According to the present invention (2), even if there is an optical offset, the offset is the same frequency component as the wavelength scanning frequency f, whereas the signal due to gas absorption is the frequency component of 2f2, so the 2f2 frequency By observing component (i), it is possible to almost eliminate the offset component.Also, even if the offset changes from moment to moment, the wavelength is scanned faster than the change, so it does not affect the time change of the offset. In addition, when the wavelength is changed discretely, it takes time to stabilize the wavelength (due to the thermal response characteristics of the laser), but according to the present invention, Since the wavelength can be scanned continuously, no waiting time is required and relatively high speed (two measurements can be performed).

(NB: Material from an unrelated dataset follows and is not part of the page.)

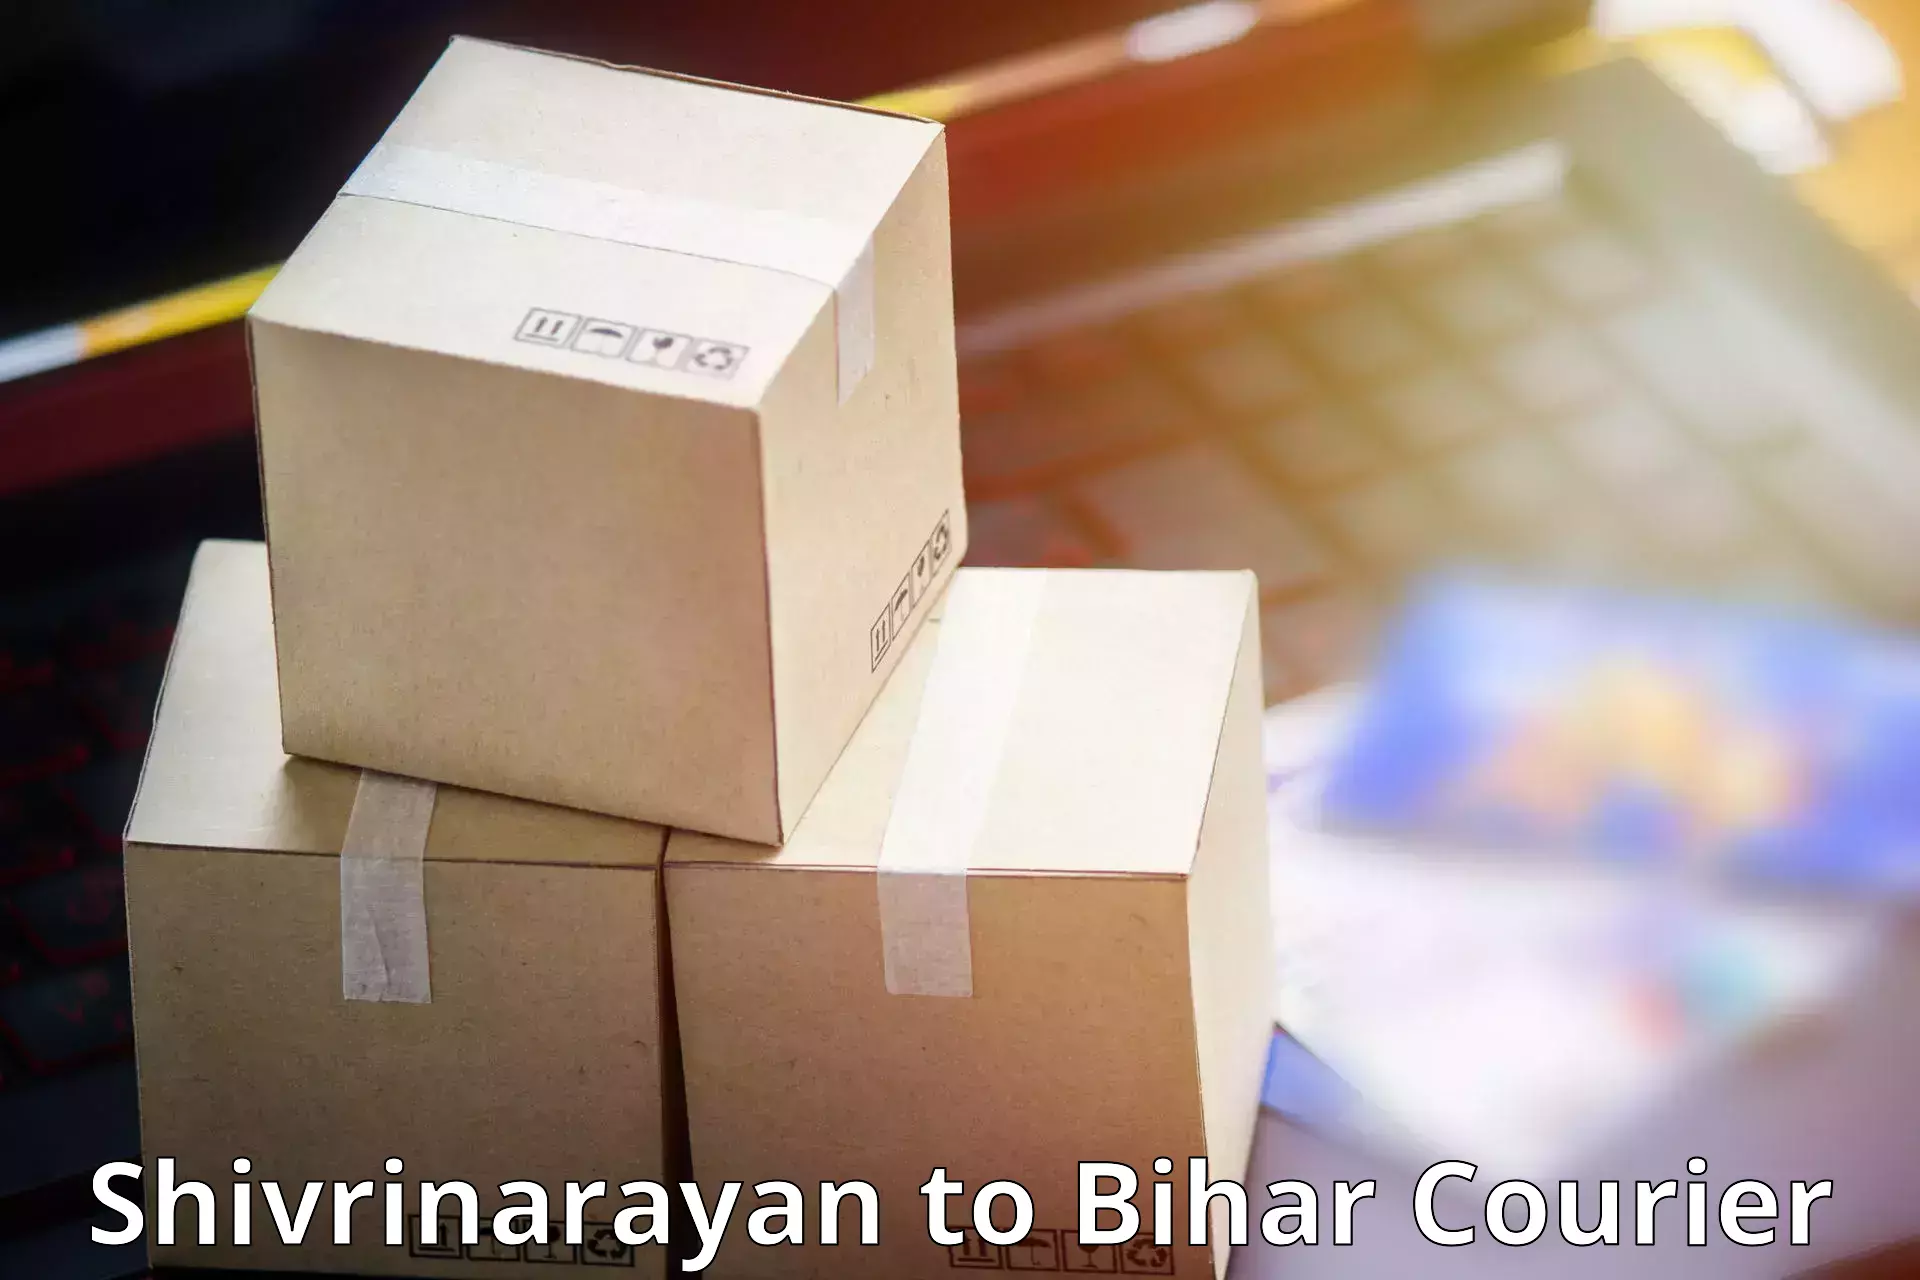 Seamless shipping service Shivrinarayan to Bikramganj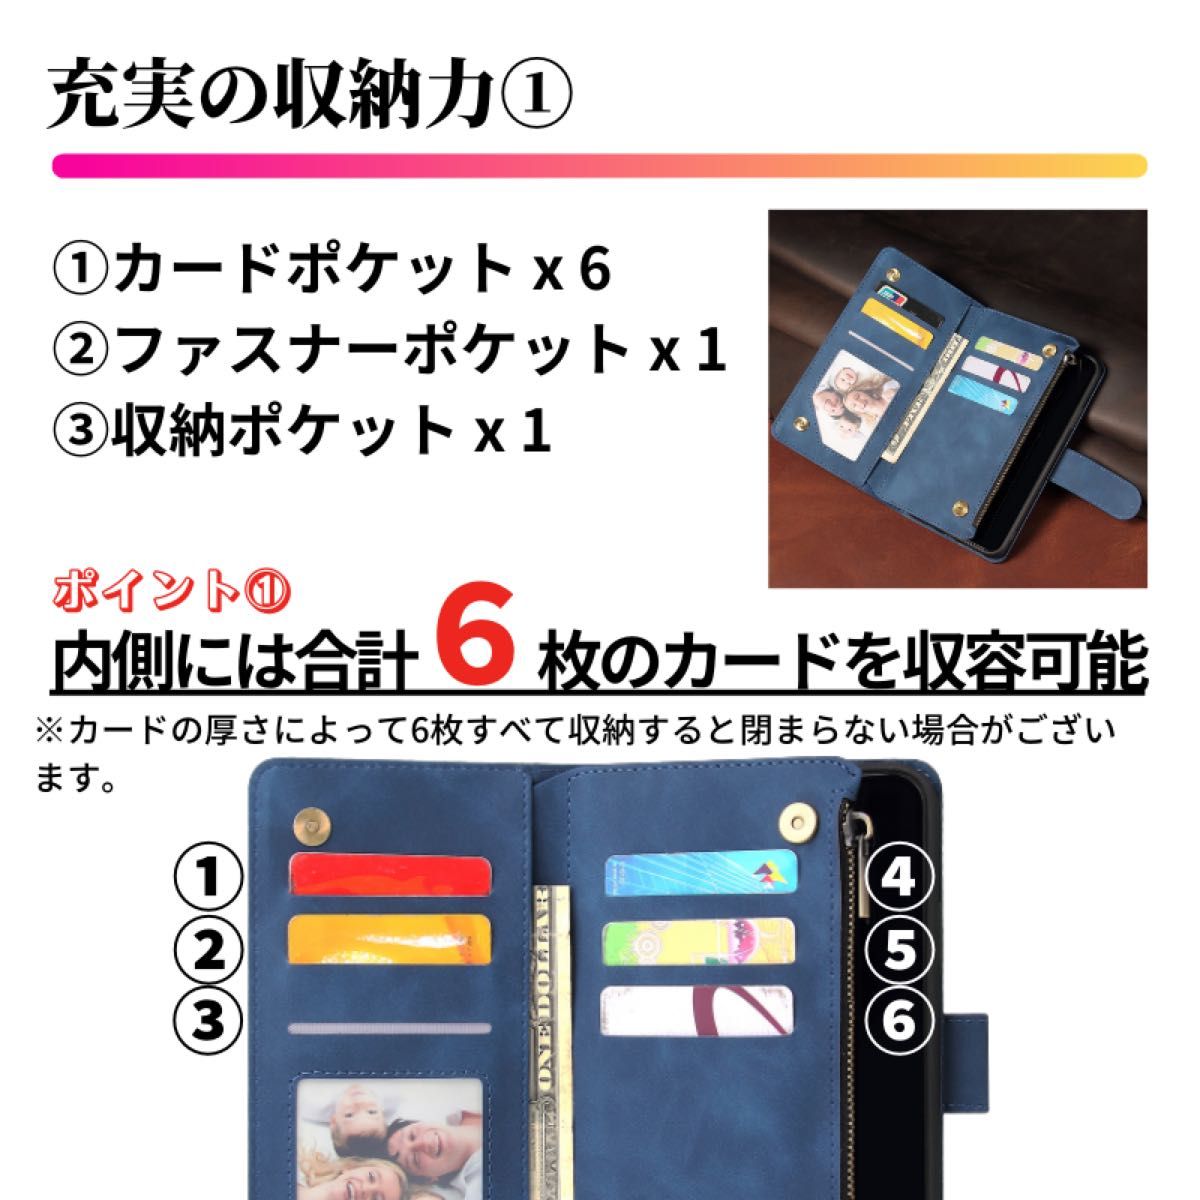 iPhone X XS ケース 手帳型 お財布 レザー カードケース ジップファスナー収納付 アイフォン スマホケース ブルー

[Brief explanation of drawings]

Figure 1 is a configuration diagram for explaining the gas concentration measurement method of the present invention, Figure 2 is a waveform diagram of each part thereof, and Figure 6 shows the detector output when the method of the present invention is used in the gas absorption line. The principle diagram and FIG. 4 are diagrams showing the relationship between the second-order differential value of the gas absorption line and the wavelength. 1...Laser diode 2...Power source 6...DC power source 4...Wavelength scanning power source 5...Differential modulation power source 6...Laser light 7...Specific gas 8... Detector 9...Filter 10 that passes only 2fI...Phase detector 11...Filter 12 that passes 2f2...Phase detector 13...Smoothing filter 14...Signal patent proportional to gas concentration Applicant Fujitsu Limited Agent Patent Attorney Gobe Tamamushi (1 other person) Figure 1 Figure 2 Figure 3 Figure 4 Figure ＼ - Center of absorption line

Claims (1)

[Claims] In the gas concentration measurement method, the gas concentration is measured by reading the difference between the maximum and minimum of the second derivative waveform of the gas absorption line.
A semiconductor laser is used as a light source, and in addition to a direct current and a minute sine wave current, a modulation current having a lower frequency than the minute sine wave current is superimposed on the laser, and wavelength scanning is performed using the modulation current at the lower frequency. Gas concentration measurement method.